Cleland took his glass of iced orange juice with him. Grismer set his on the floor and dropped onto the ragged couch.
"Anybody can point it up now," he said. "It ought to be cast in silver-grey bronze, not burnished – a trifle over life-size."
"You must have worked like the devil to have finished this in such a brief period."
"Oh, I work that way – when I do work… I've been anxious – worried over what you might think… I'm satisfied now."
He filled and lighted his pipe, leaned back clasping his well-made arms behind his head.
"Cleland," he said, "it's a strange sensation to feel power within one's self – be conscious of it, certain of it, and deliberately choose not to use it… And the very liberty of choice is an added power."
Cleland looked up, perplexed. Grismer smiled, and his smile seemed singularly care-free and tranquil:
"Just think," he said, "what the gods could have done if they had taken the trouble to bestir themselves! What they did do makes volumes of mythology: what they refrained from doing would continue in the telling through all eternity.

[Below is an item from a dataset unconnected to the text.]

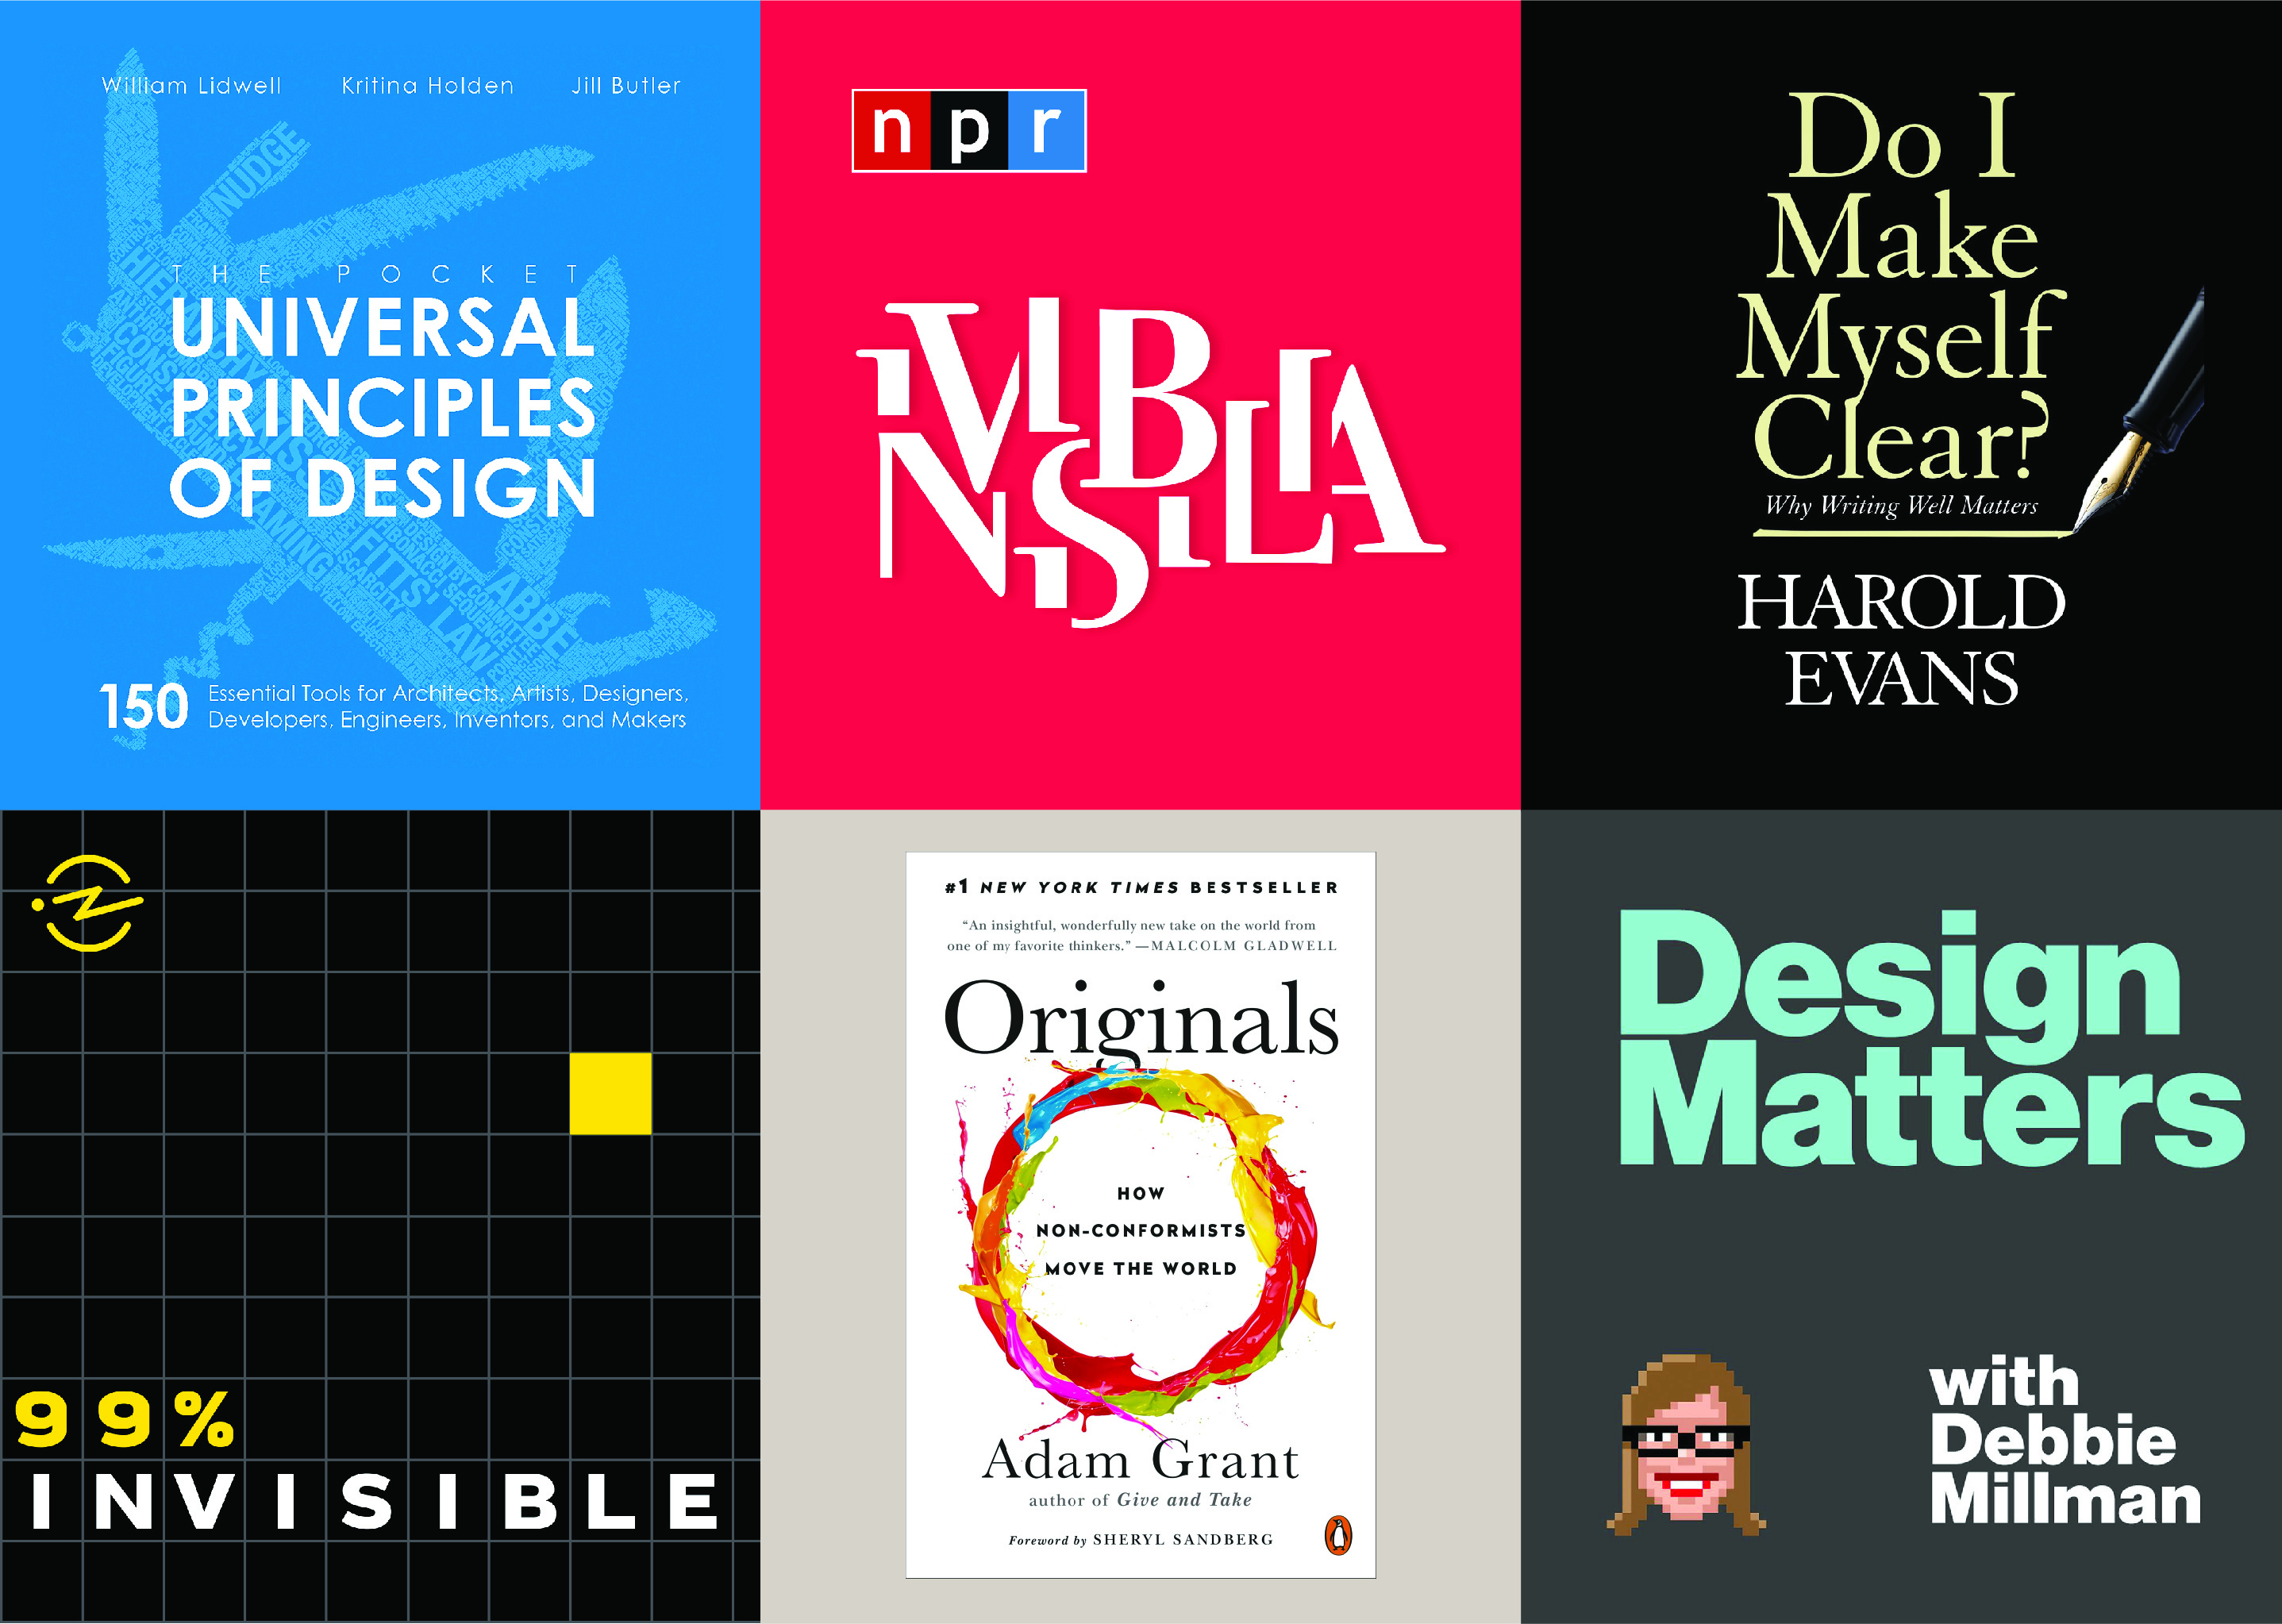 A grid of book covers for the books Universal Principles of Design, Design Matters, Do I Make Myself clear, and others.

What they did betrayed their power," he added, with a whimsical gesture toward his fountain; "but what they refrained from doing interests me, Cleland – fascinates me, arouses my curiosity, my respect, my awe, and my gratitude that they were godlike enough to disdain display – that they were decent enough to leave to the world material to feed its imagination."
Cleland smiled sombrely at Grismer's whimsical humour, but his features settled again into grave, care-worn lines, and his absent gaze rested on nothing. And Grismer's golden eyes studied him.
"It must be pleasant out there in the country," he said casually.
"It's cool. You must go there, Grismer. This place is unendurable. Do go up while Phil Grayson is there."
"Is there anybody else?"
"Helen – and Stephanie," he said, using her name with an effort. "The Belters were there for a week. No doubt Stephanie will ask other people during the summer."